As shown in Fig. 2, for each ROI, the time course originally extracted from different participants were first concatenated head-to-tail. Thus, based on Equation 3, the ith row of X presents the concatenated time courses of all participants for the ith ROI (Fig. 2b left column). Next, the temporal ICA was performed on these 10 concatenated time courses using Fast ICA algorithm42. Then we obtained theoretically 10 independent components, each of which had a concatenated temporal dynamics. Thus the ith row of S indicated temporal dynamics of the ith independent component (Fig. 2b right column), whereas the ith column of the W−1 reflected the spatial distribution of the ith independent component that indicated which facial ROIs this independent component was represented on (Fig. 2b middle column). It should be noted that the temporal dynamics of the ith IC was also a concatenated pattern of all participants. This concatenated temporal dynamics had the same spatial distribution and therefore was thought to be driven by the same source.

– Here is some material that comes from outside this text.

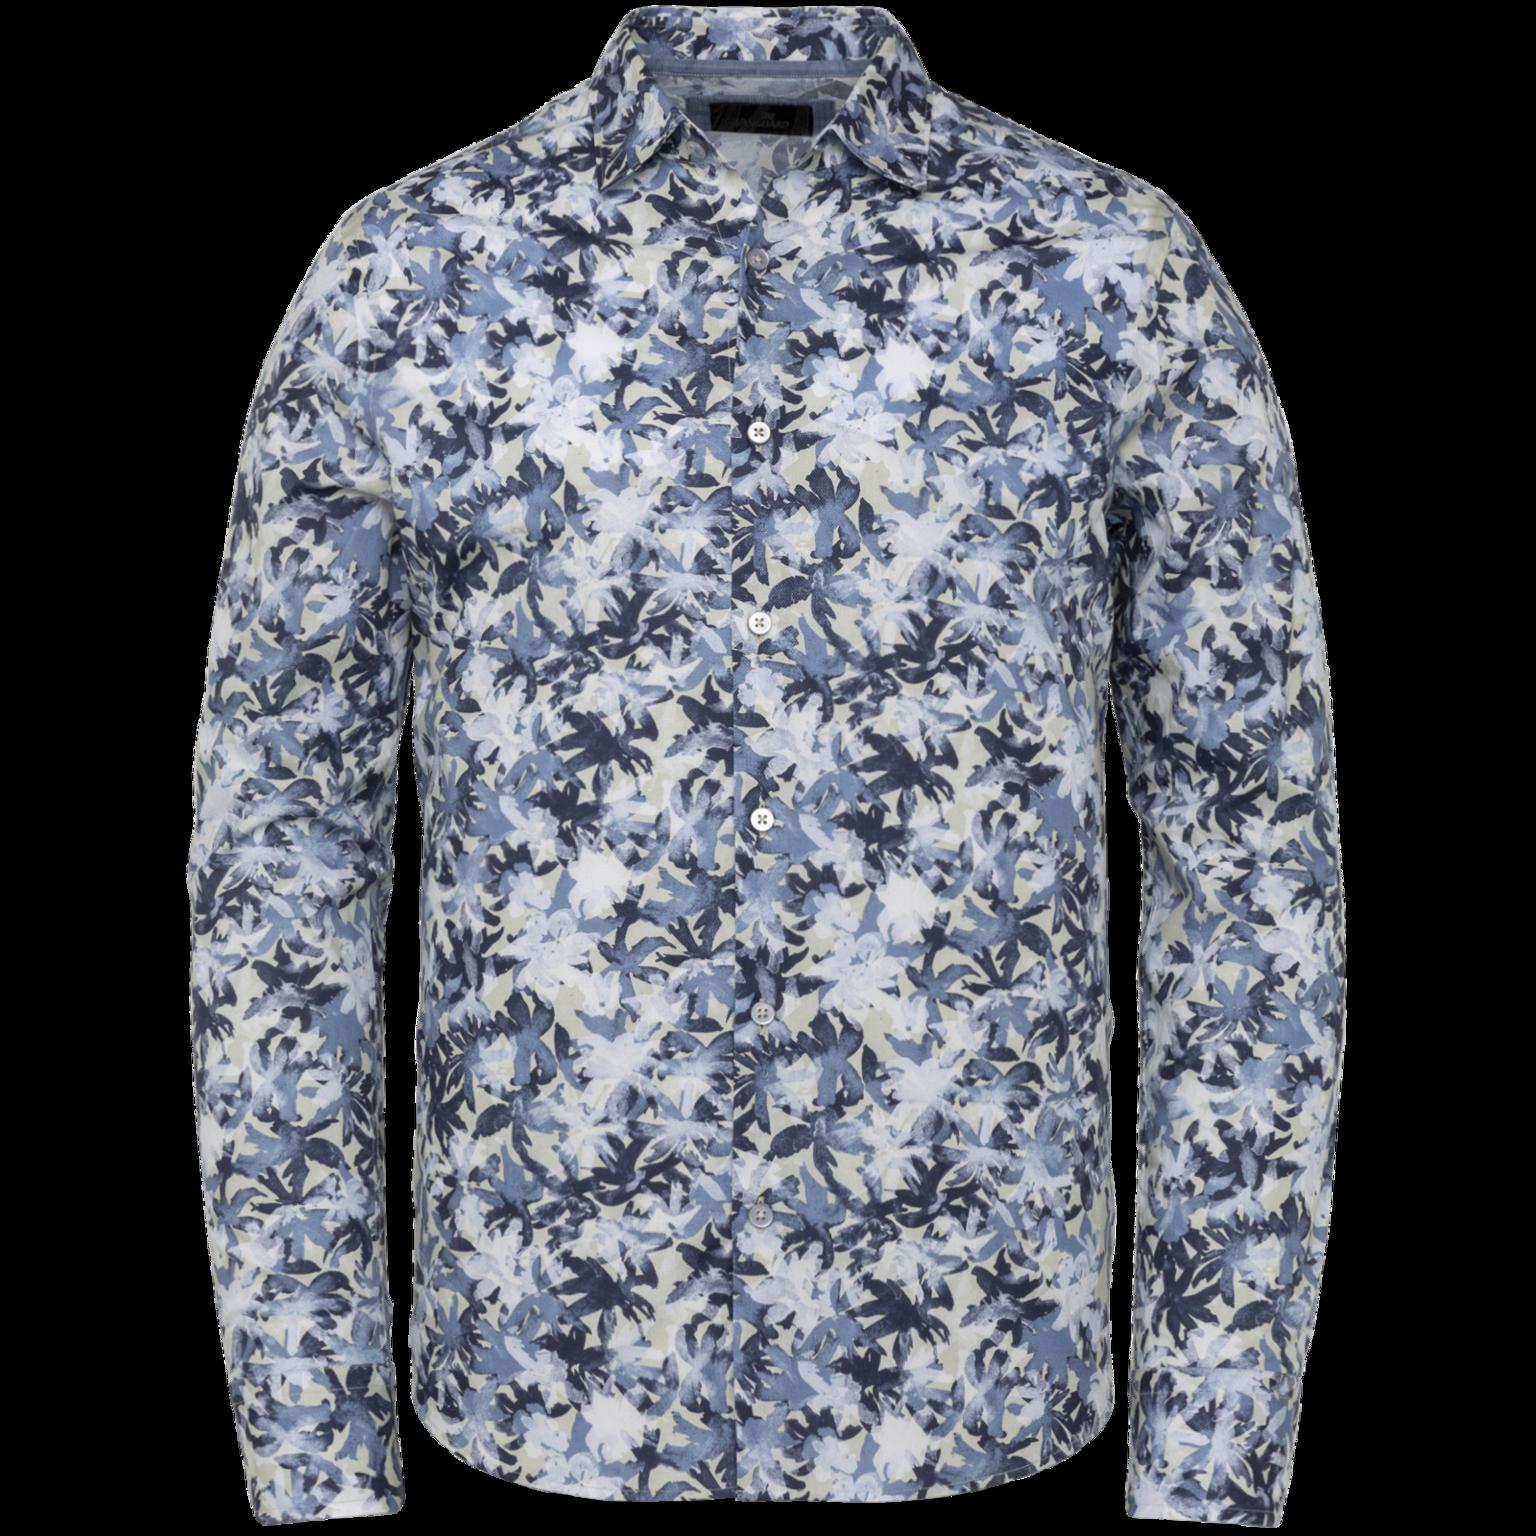 VANGUARD chemise longues manches motifs-1

For the concatenated temporal dynamics of each independent component (e.g., the ith independent component), it can be segmented into individual temporal dynamics for respective participants. As a result, for the ith independent component, different participants had their respective different segmented temporal dynamics but the same spatial distribution. If the temporal dynamics of one independent component contains cardiovascular activity information, then we can reveal where this cardiovascular activity was best represented in a face based on the spatial distribution of this independent component. Thus, using this group temporal ICA method, the time courses originally extracted from ROIs of each participant were decomposed into independent components with fixed orders for all participants.

Correlation analysis

After independent components were obtained, to examine which one contained the information of the cardiovascular activity, for each participant, we calculated the Pearson correlation coefficients between the transdermal optical imaging and ECG data in the frequency domain. To do so, first, we transformed both the temporal dynamics of each independent component and the sub-sampled ECG signal (20 Hz) into frequency domain using the Fast Fourier Transformation (FFT). Second, for each magnitude spectrum of each participant, we preserved the frequency components from 0.7 to 2.5 Hz. It is generally accepted that this frequency band contains the cardiac pulse of the majority of the population. Thus, this frequency band selection allows us not only to focus on the main cardiac activity but also to avoid disturbance from other physiological signals such as respiration. Third, for each participant, we calculated the Pearson correlation coefficients between the magnitude spectrum (banded from 0.7 to 2.5 Hz) of temporal dynamics of each independent component and that of sub-sampled ECG signal. Then, we transformed each correlation coefficient to Z-scores using Fisher’s Z-transformation. Finally, for each independent component, one-sample t-tests were performed on the Z scores across the 11 participants to test whether these Z-scores were significantly different from zero at the group level.

Using the same approach as above, we performed the correlation analysis between the phase spectrum of the temporal dynamics of the ICA components and that of the ECG data.

Data availability

The dataset analyzed during the present study is available from the corresponding author on reasonable request.